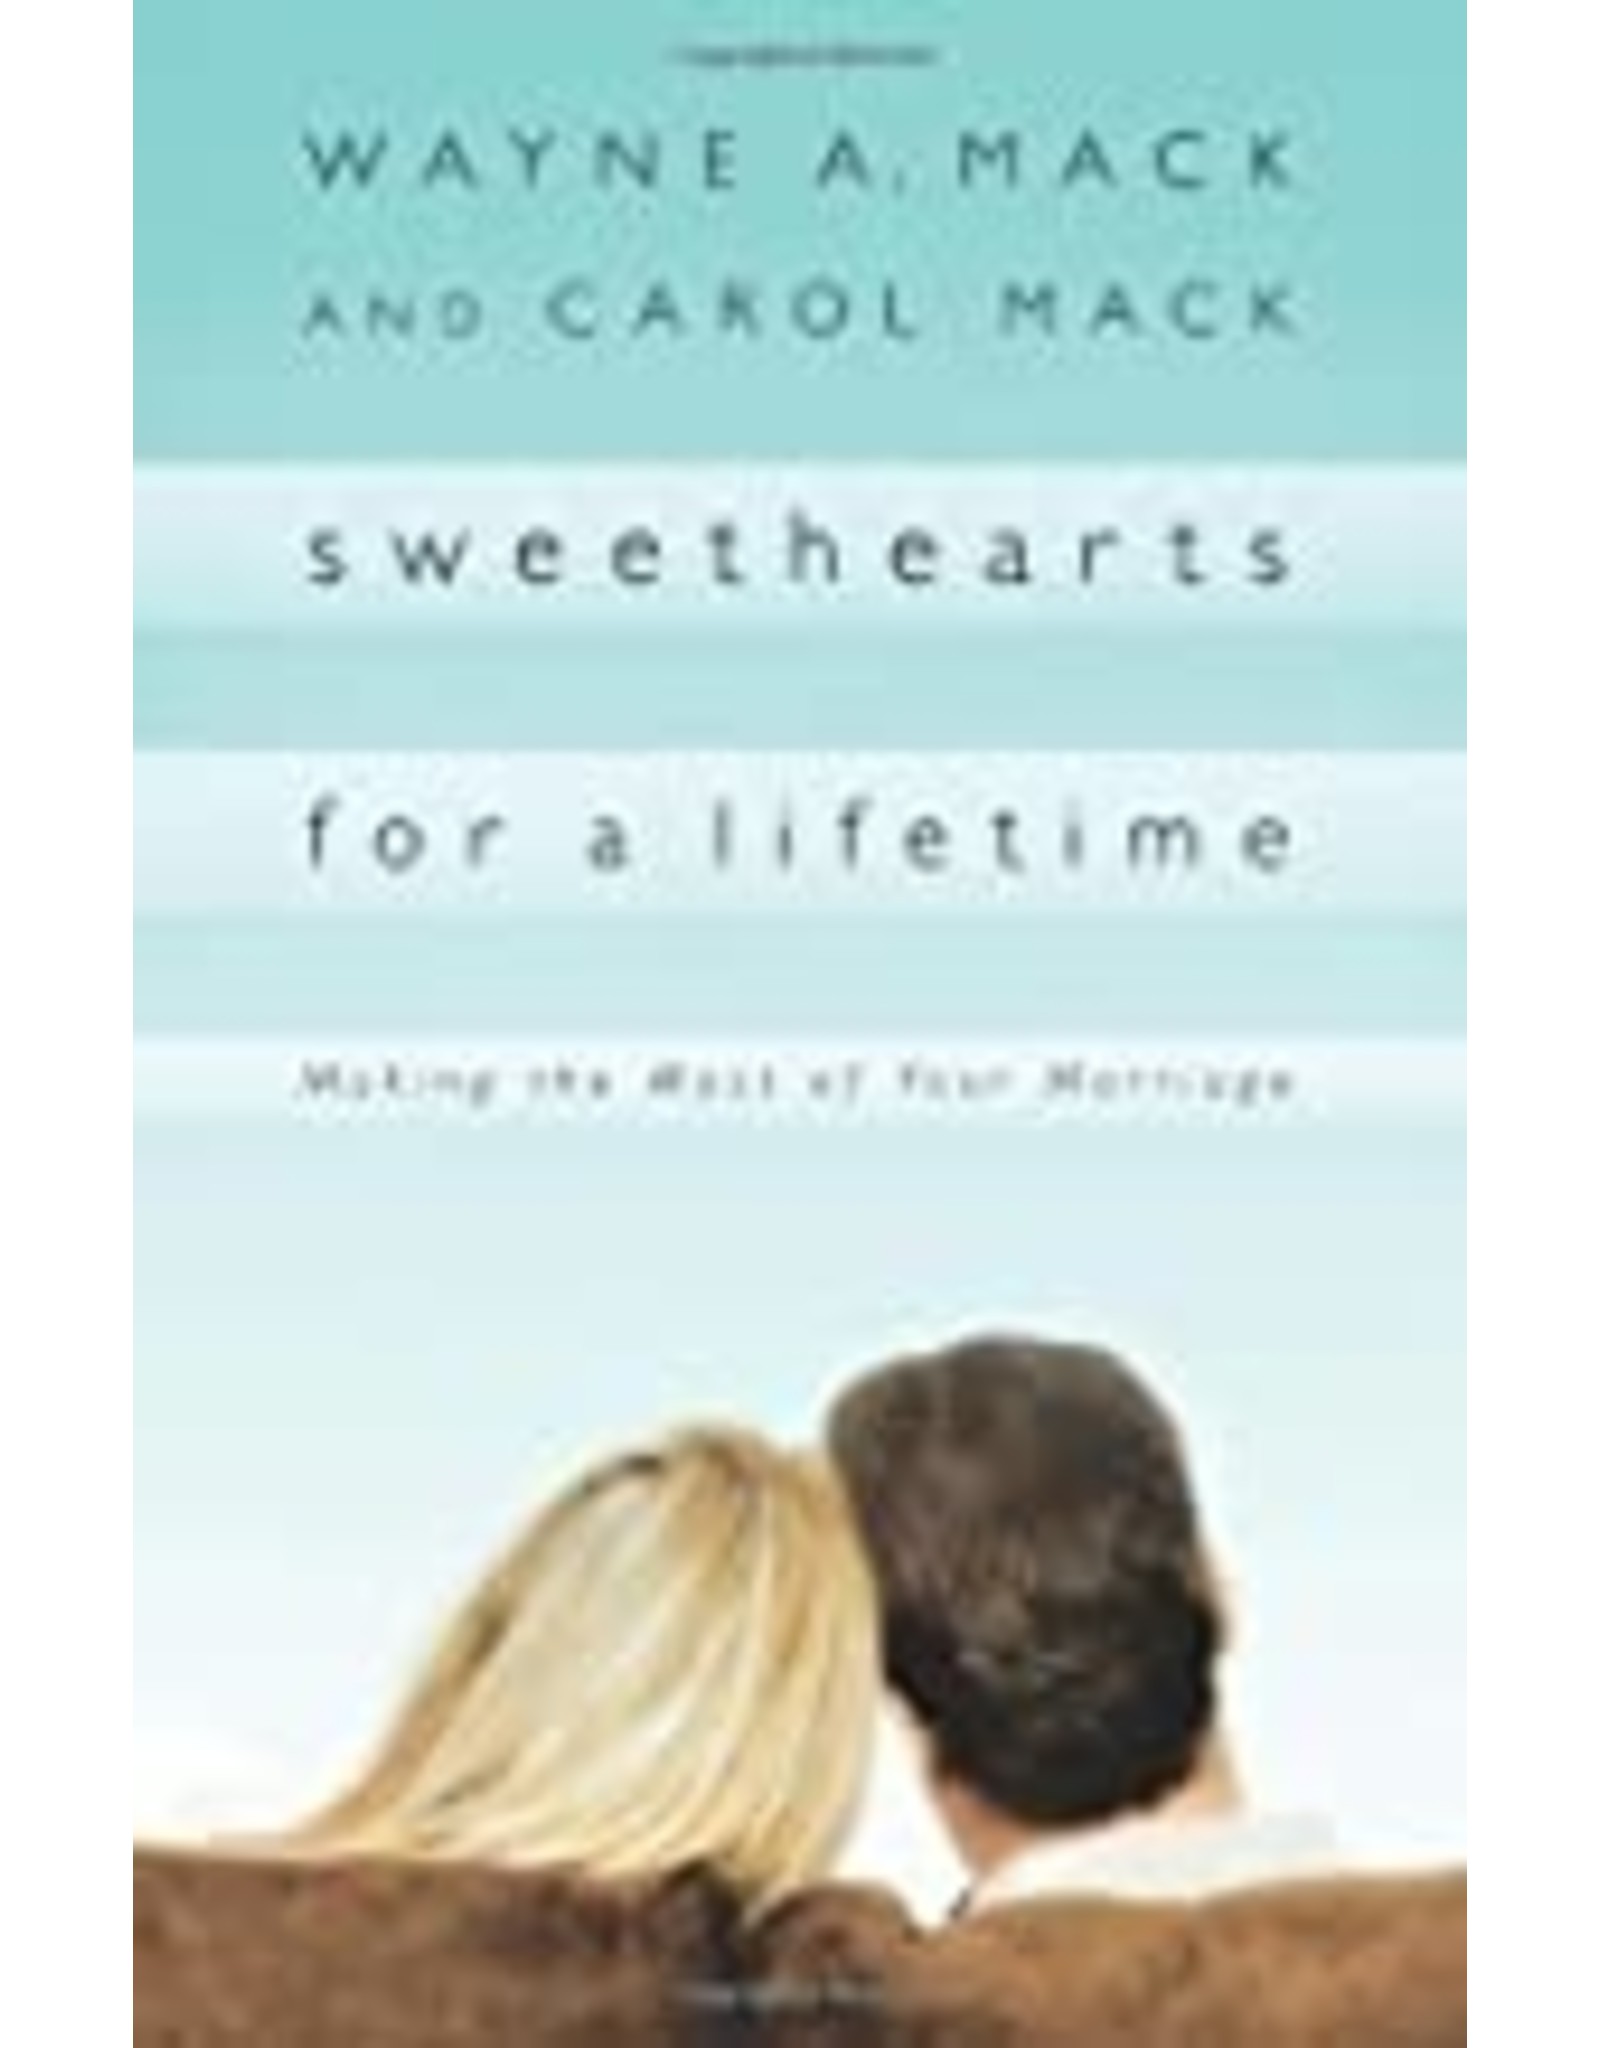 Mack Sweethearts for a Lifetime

- - -

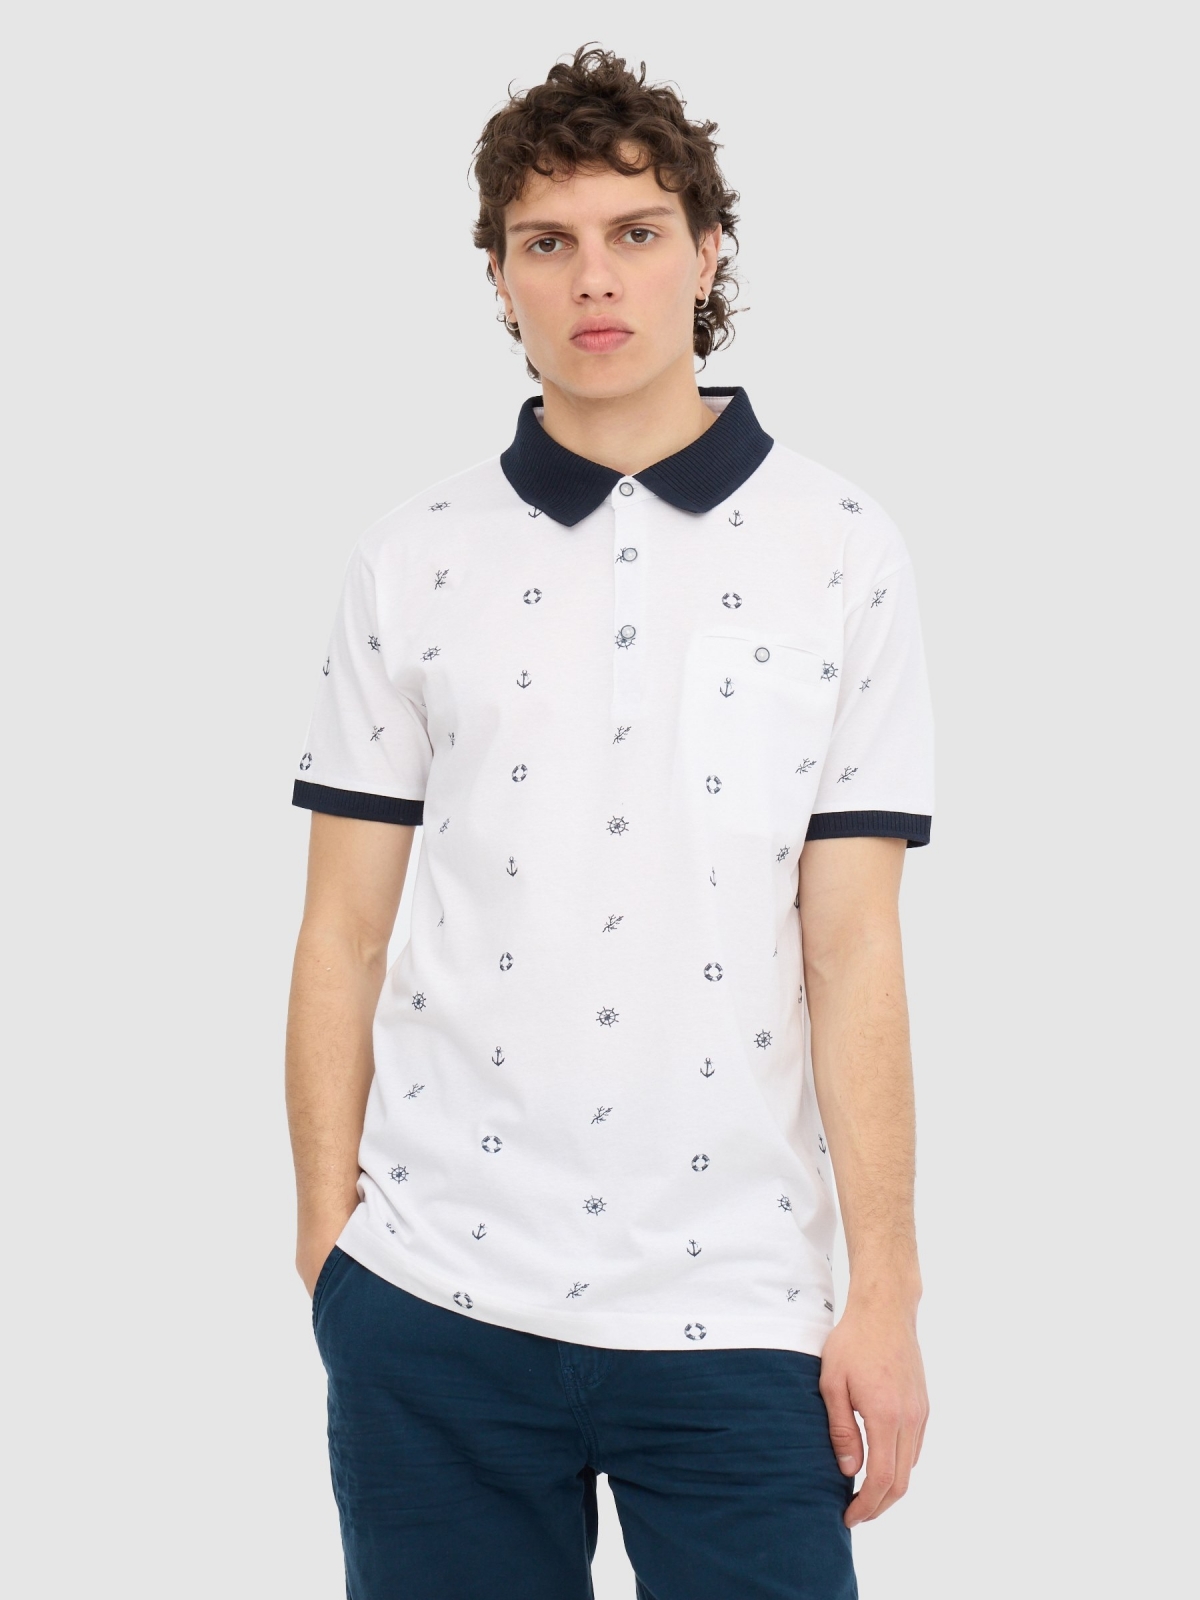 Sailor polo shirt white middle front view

- - -

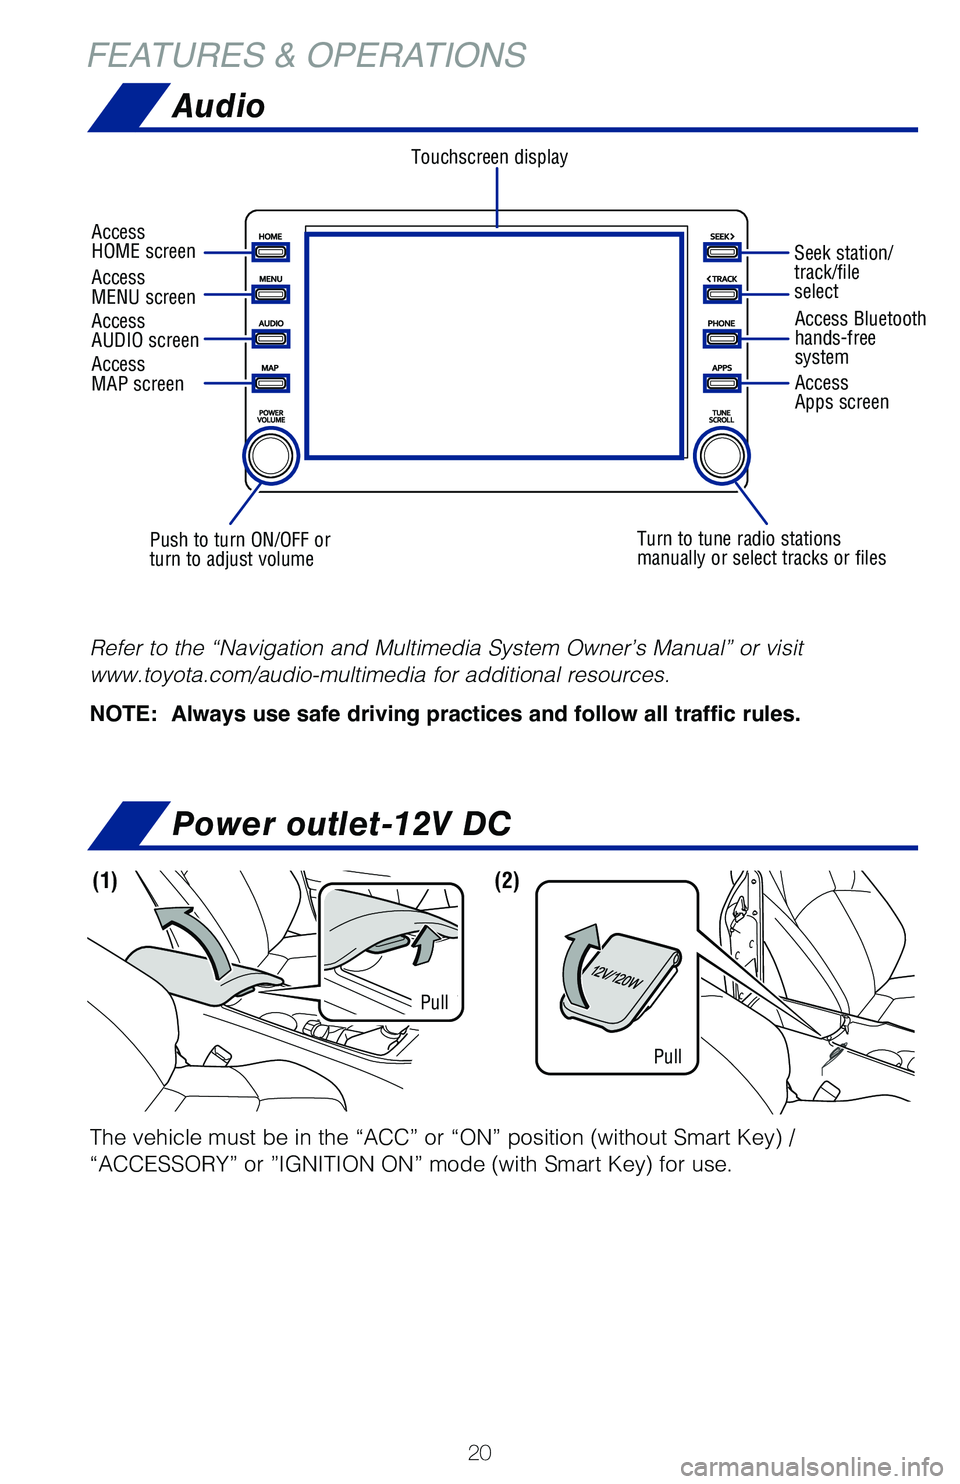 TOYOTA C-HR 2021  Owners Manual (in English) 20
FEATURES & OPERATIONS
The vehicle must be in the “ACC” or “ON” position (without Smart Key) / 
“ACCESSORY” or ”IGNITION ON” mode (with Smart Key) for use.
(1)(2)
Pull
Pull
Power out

- - -

- **TASK STATEMENT**: Extract every line above that contains the word "Smart".

- **EXPECTED ANSWER**:
The vehicle must be in the “ACC” or “ON” position (without Smart Key) / 
“ACCESSORY” or ”IGNITION ON” mode (with Smart Key) for use.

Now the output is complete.